A store manager before going on AIDS disability in 1992, Gooding wants to return to college and get certified to teach high school.

“I just couldn’t go back and work for the corporate world,” he said. “I feel as if I’ve been given a second chance.”

Johnson said his rapid recovery caught him emotionally unprepared. He had moved to a place where he was ready to die--and now he might live? He was angry for weeks.

More recently, he has found himself hurrying to make up for lost time.

“I’m very impatient these days,” Johnson said. “Every aspect of my life is subject to revaluation. If it doesn’t work, I don’t want it there.”

He and his partner are seeing a counselor, revisiting a relationship they both had assumed would end in the near future when one of them died.

No one would call Johnson cured. Still on AIDS disability, he tires easily, and his days revolve around his illness. His kitchen cabinet looks like a pharmacy, crowded with bottles of the 26 pills he takes daily to battle HIV and keep opportunistic infections at bay.

Advertisement

“It still lives with me,” he said. “It’s like having a stalker.

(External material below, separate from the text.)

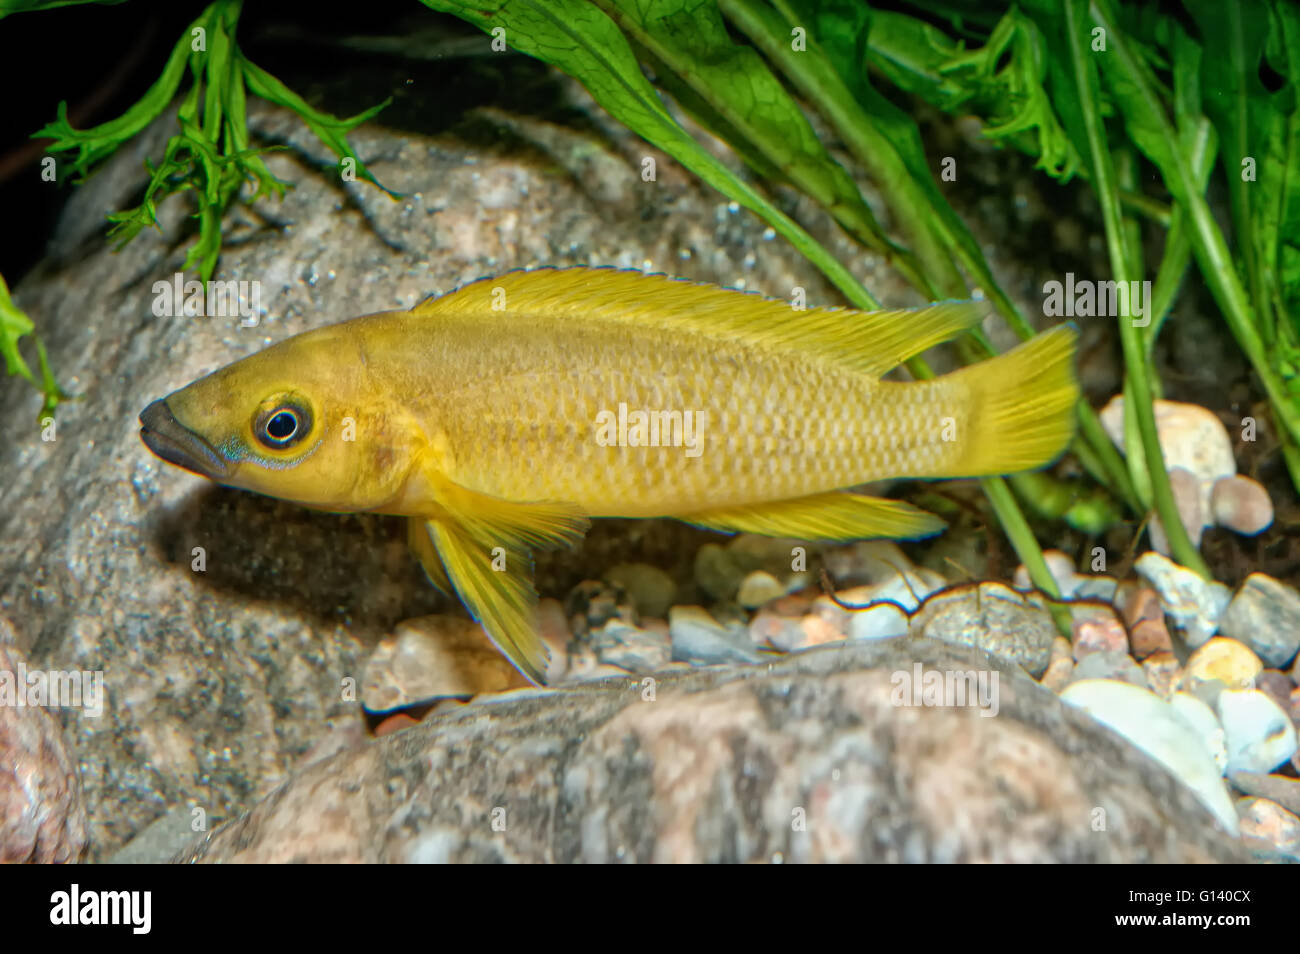 Tropical aquarium fish from genus Neolamprologus Stock Photo

If I turn the corner and look back, I get a glimpse of it, and I worry that it may still come up and hit me on the head.”

In some ways, AIDS will never leave Johnson.

For three years, he worked for Project Open Hand, delivering meals to shut-ins with AIDS. He remembers the stench of diarrhea and dirty clothes in cheap hotel rooms. He remembers the desperate faces of the dying: the hollow cheeks and thousand-mile stares of those consumed by an illness they were powerless to stop.

But if the wonder drugs cannot erase such images, they at least have added ones like this:

Johnson is at the gym. Rock music booms, punctuated by the clank of weights and exercise machines. Sweaty, muscled men and women stroll past. “Hi, Chuck,” they say. “Great to see you.”

Johnson lies on a weight bench, veins popping on his close-shaven head, arms straining against the barbells. He is no longer afraid to push himself, no longer afraid of breaking.

After years of preparing to die, Chuck Johnson is ready to live.

‘Before, if you were HIV-positive, the assumption was that you were going to die. It was just a matter of time. Now, the assumption has changed from death to life.’